Our reading this morning is from the Gospel according to People magazine, the sixth of February, 2012, beginning on the 54th page.

Heidi Klum & Seal: End of the Fairy Tale The Project Runway host, 38, and the Grammy winner, 48, stunned family, friends and fans by announcing that after much “soul-searching” they had decided to separate after almost seven years of marriage. “[W]e have grown apart,” they told People in a joint statement. [Seal and Klum have four children: Leni, 7, Henry, 6, Johan, 5, and Lou, 2.] [The couple had] reinforced [their] commitment throughout their union with over-the-top romantic gestures.
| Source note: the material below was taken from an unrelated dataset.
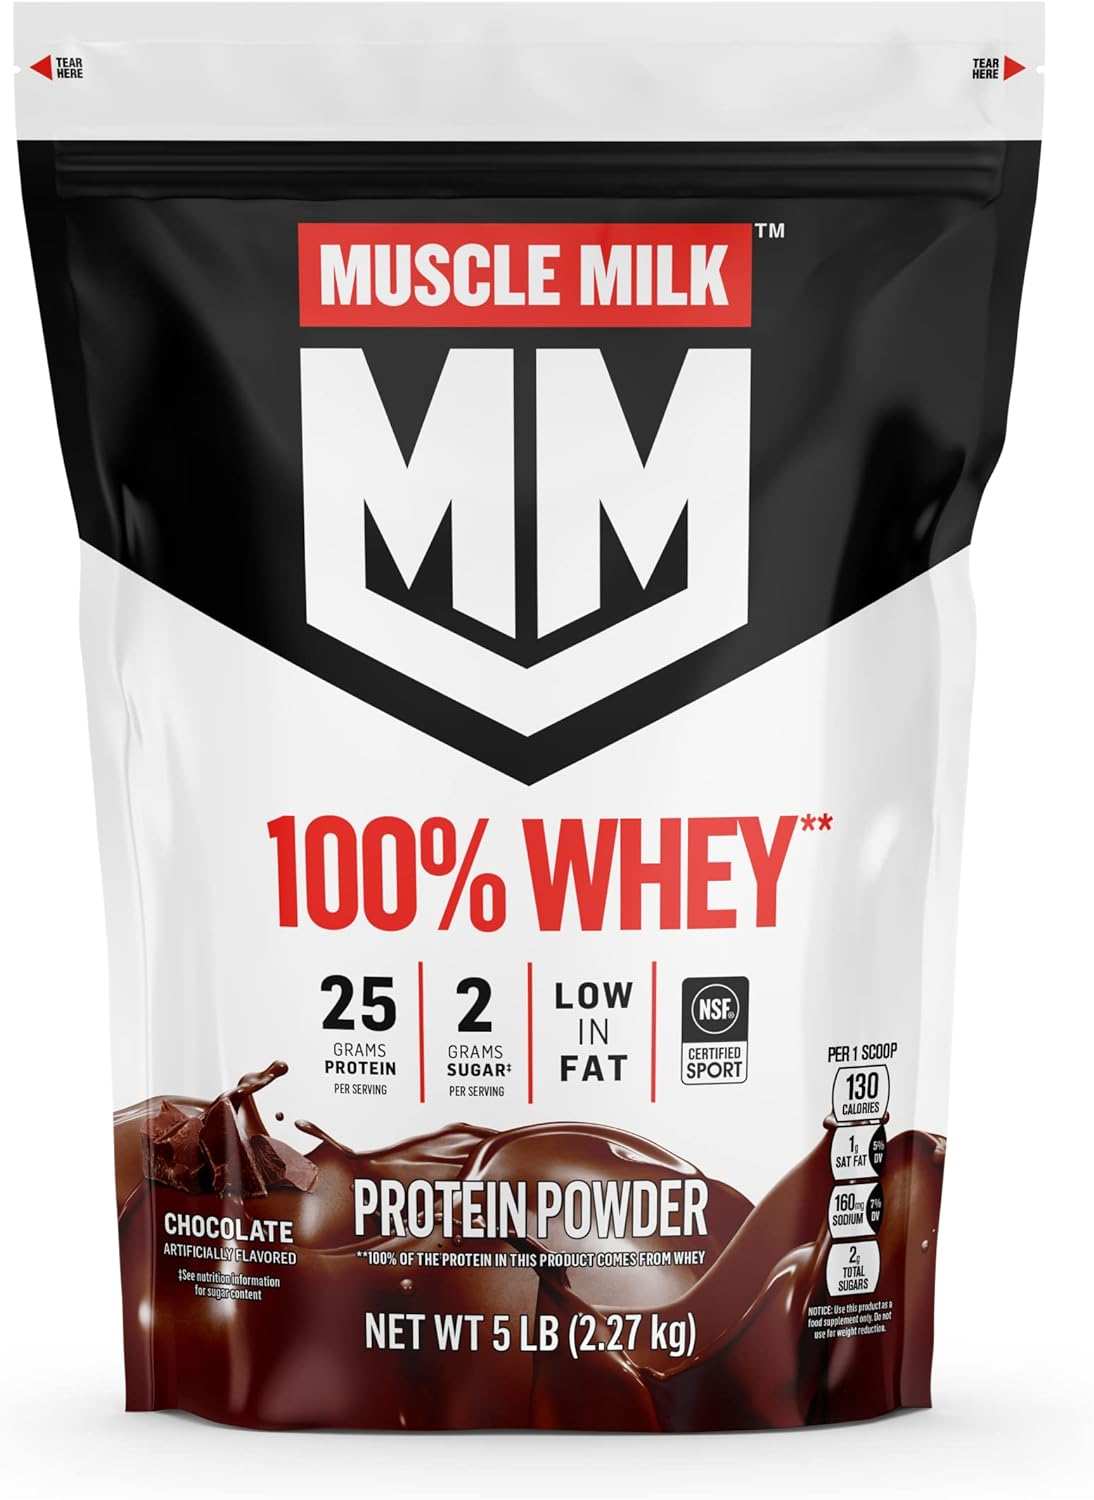 Muscle Milk 100% Whey Protein Powder, Chocolate, 5 Pound, 66 Servings,

Seal proposed to Klum in 2004 in an igloo adorned with rose petals and a bear-skin rug atop a 14,000-foot-high glacier in Whistler, British Columbia. The engagement ring was equally jaw- dropping: a yellow diamond weighing in at more than 10 carats. After they wed in May 2005 on a beach in Costa Careyes, Mexico, the two renewed their wedding vows on every anniversary with a spectacular party ranging from a masquerade ball to an ’80s-themed get-together. “I don't know why I got so lucky,” Klum said of meeting her Mr. Right. “I have to pinch myself often and say, ‘Is this just a dream?’” At the November 2007 Victoria's Secret fashion show, the pair performed “Wedding Day,” a song Seal wrote about their own nuptials. “Family, my wife and children, that's my reason for being,” he said. The smiling couple seemed as close as ever during a Christmas 2011 getaway in Aspen. Three weeks later, she attended the Golden Globe Awards alone, before officially telling People on January 22 that the twosome were separating.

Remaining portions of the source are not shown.